> Data for processing:
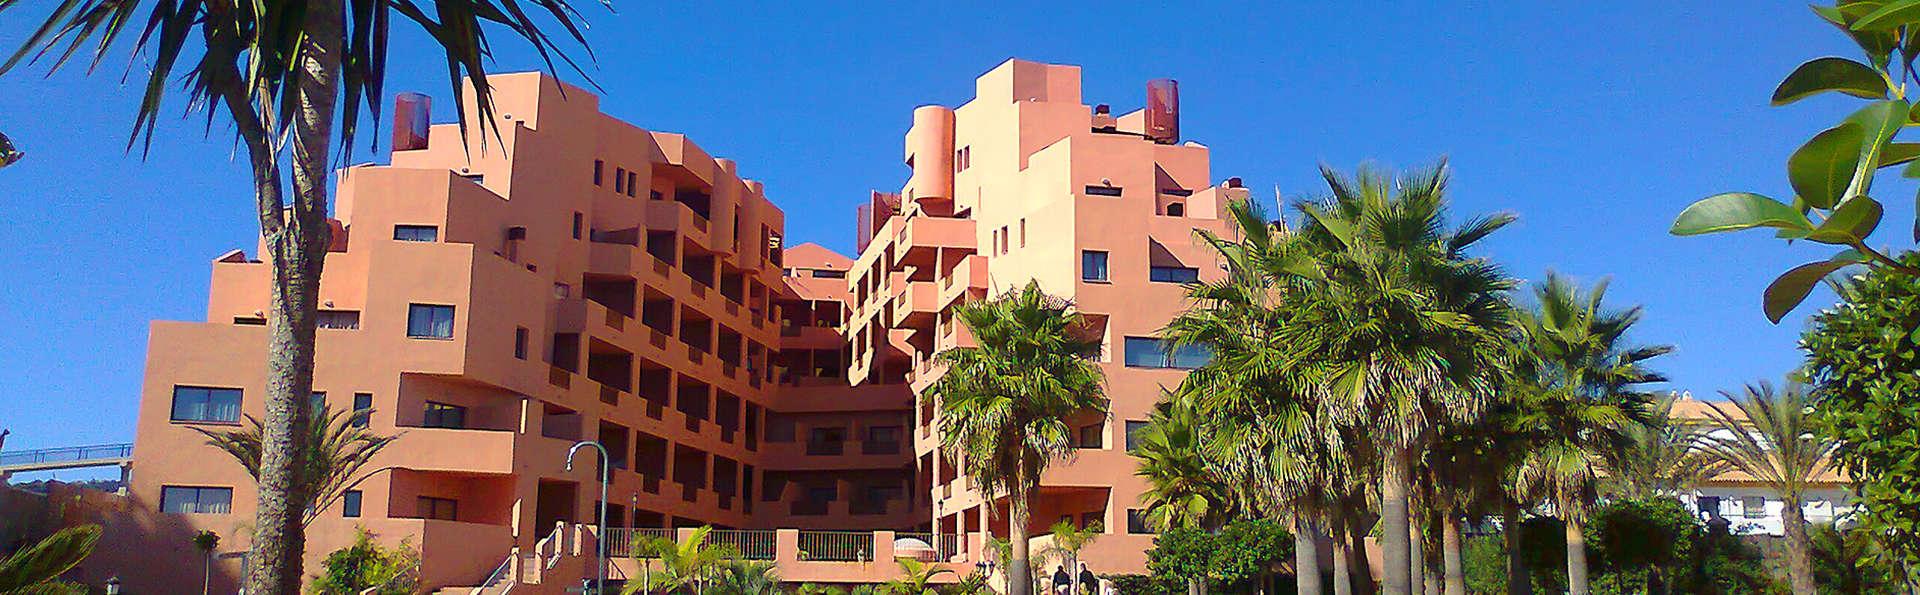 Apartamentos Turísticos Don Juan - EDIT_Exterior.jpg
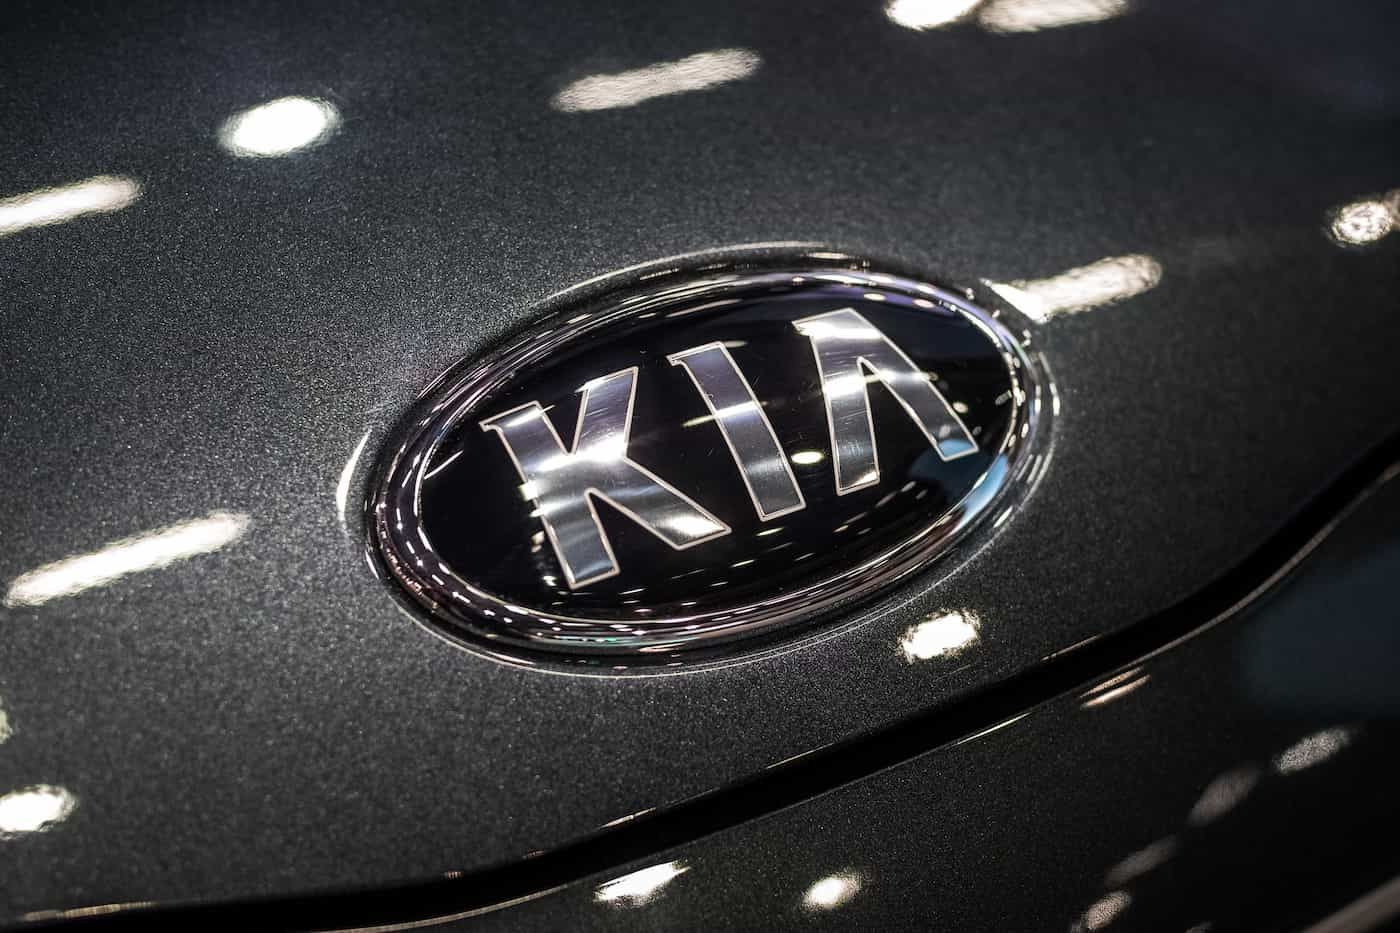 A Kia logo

* * *

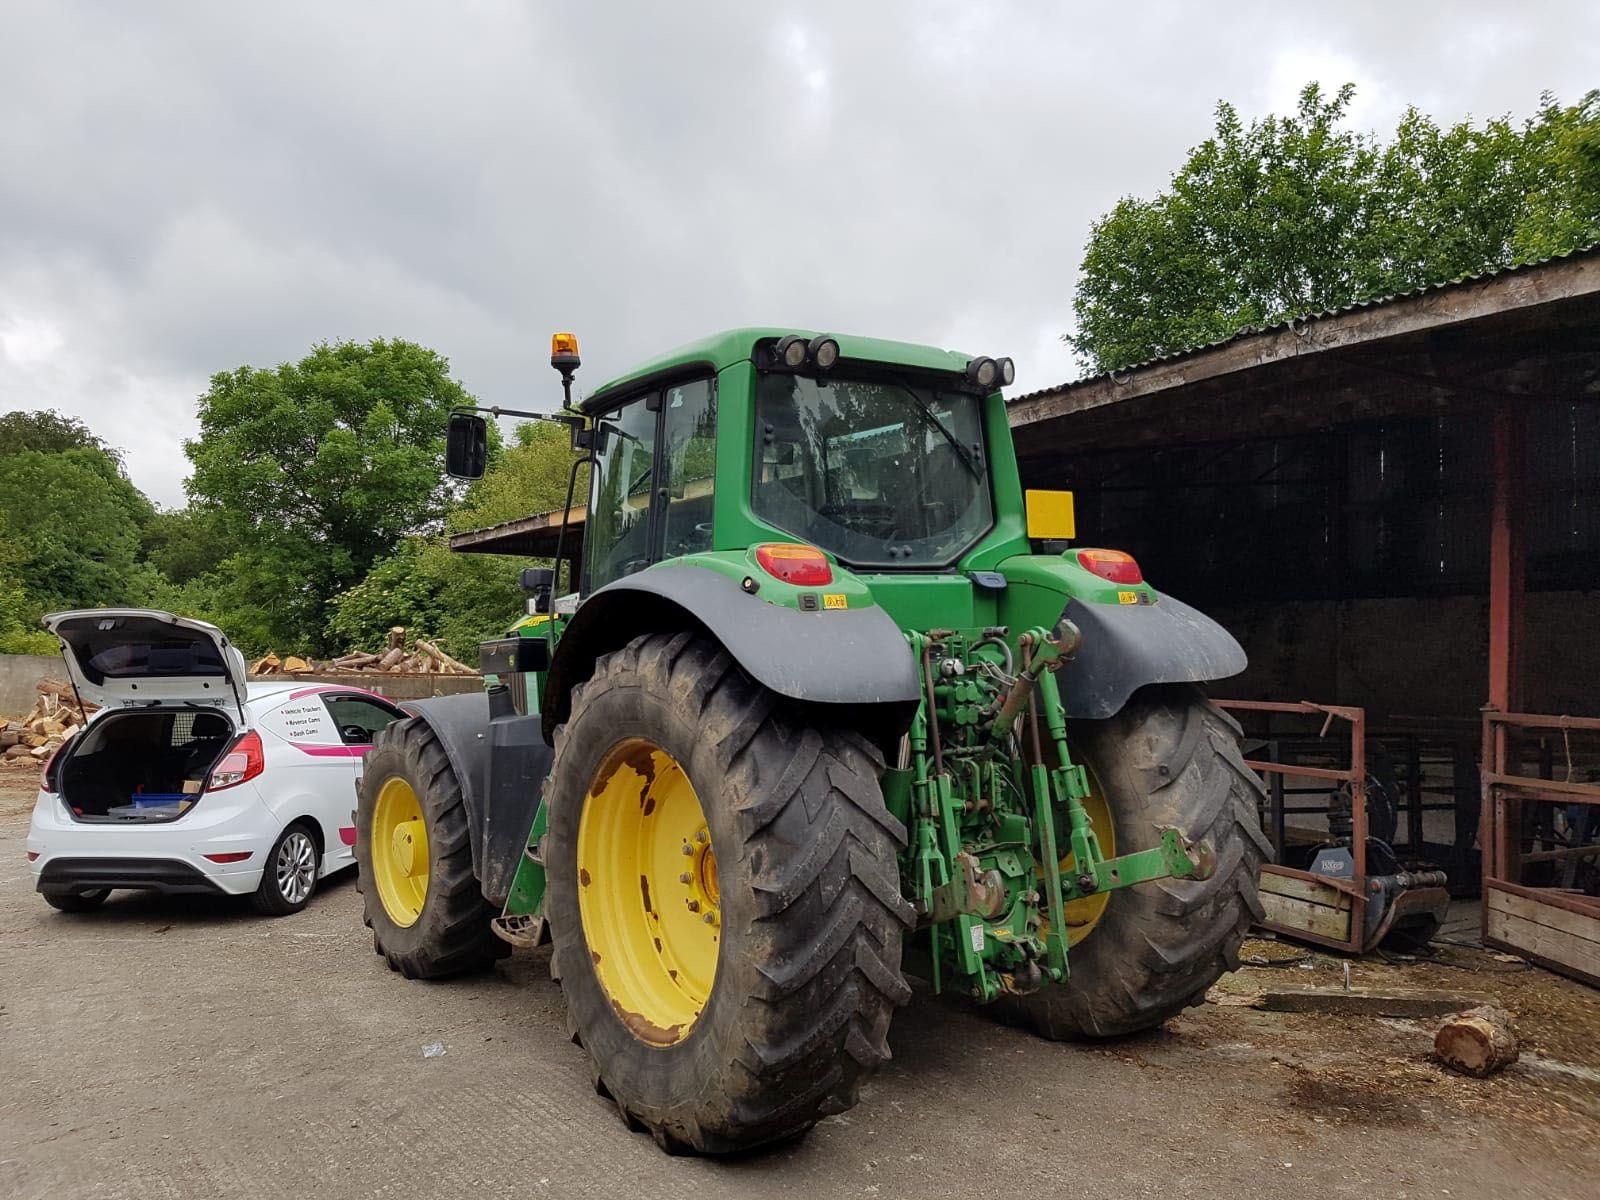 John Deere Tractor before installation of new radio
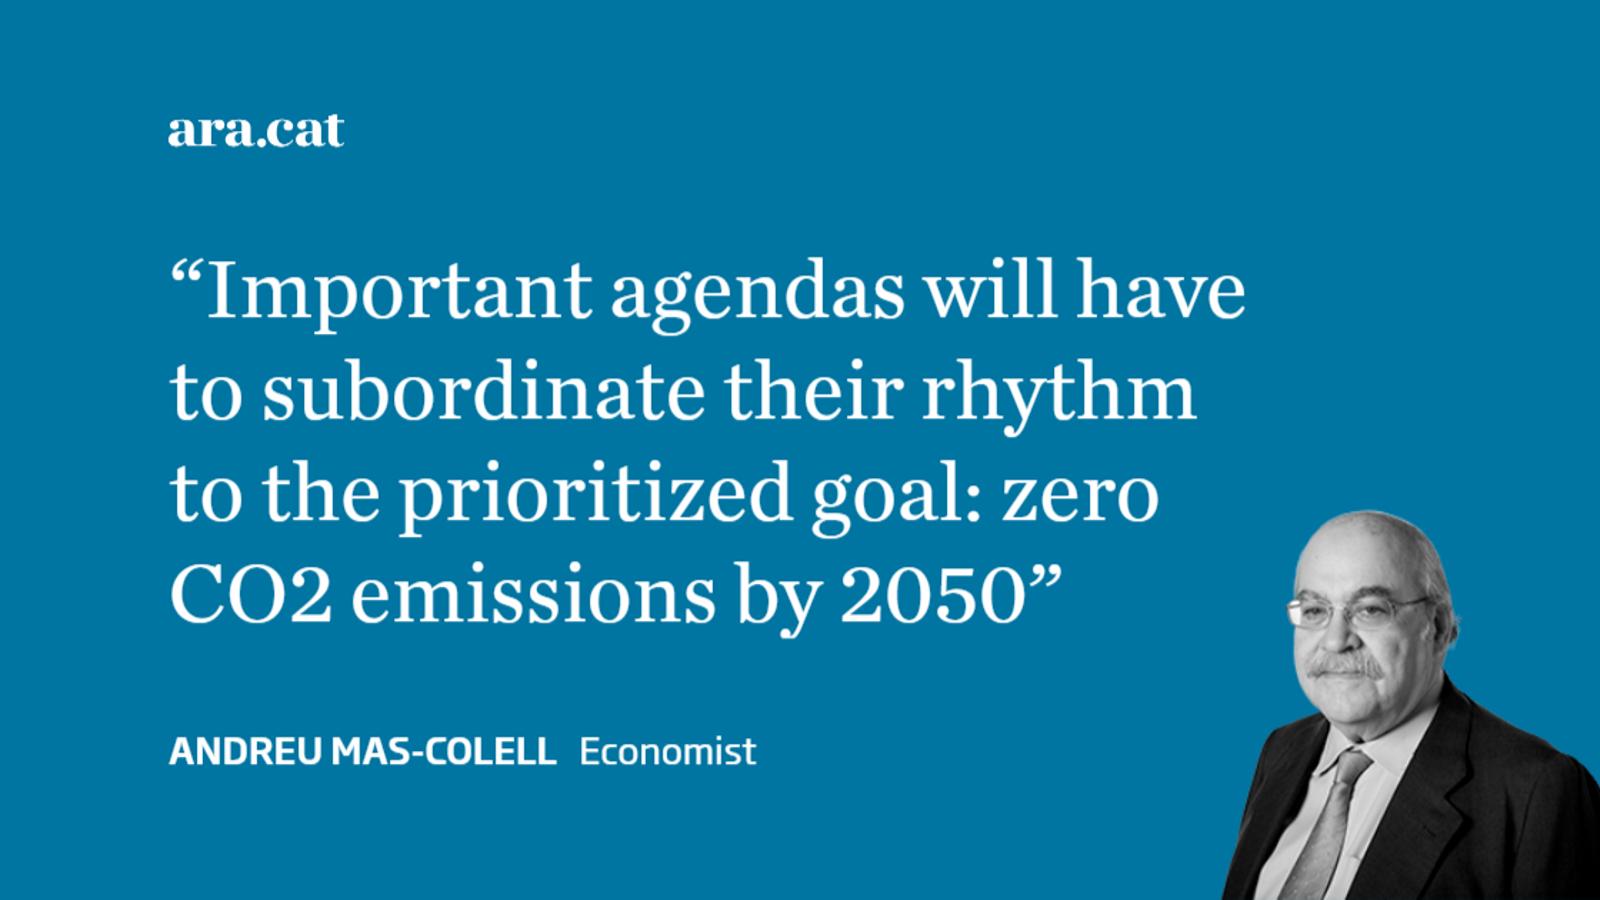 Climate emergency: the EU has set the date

> What you have to do: Transcribe, word for word, the lines of the listing above from the one that contains "John Deere Tractor" through the one that contains "Climate emergency: the EU has set the date", keeping both ends and dropping the pictures.

> Result for this task:
 John Deere Tractor before installation of new radio
 Climate emergency: the EU has set the date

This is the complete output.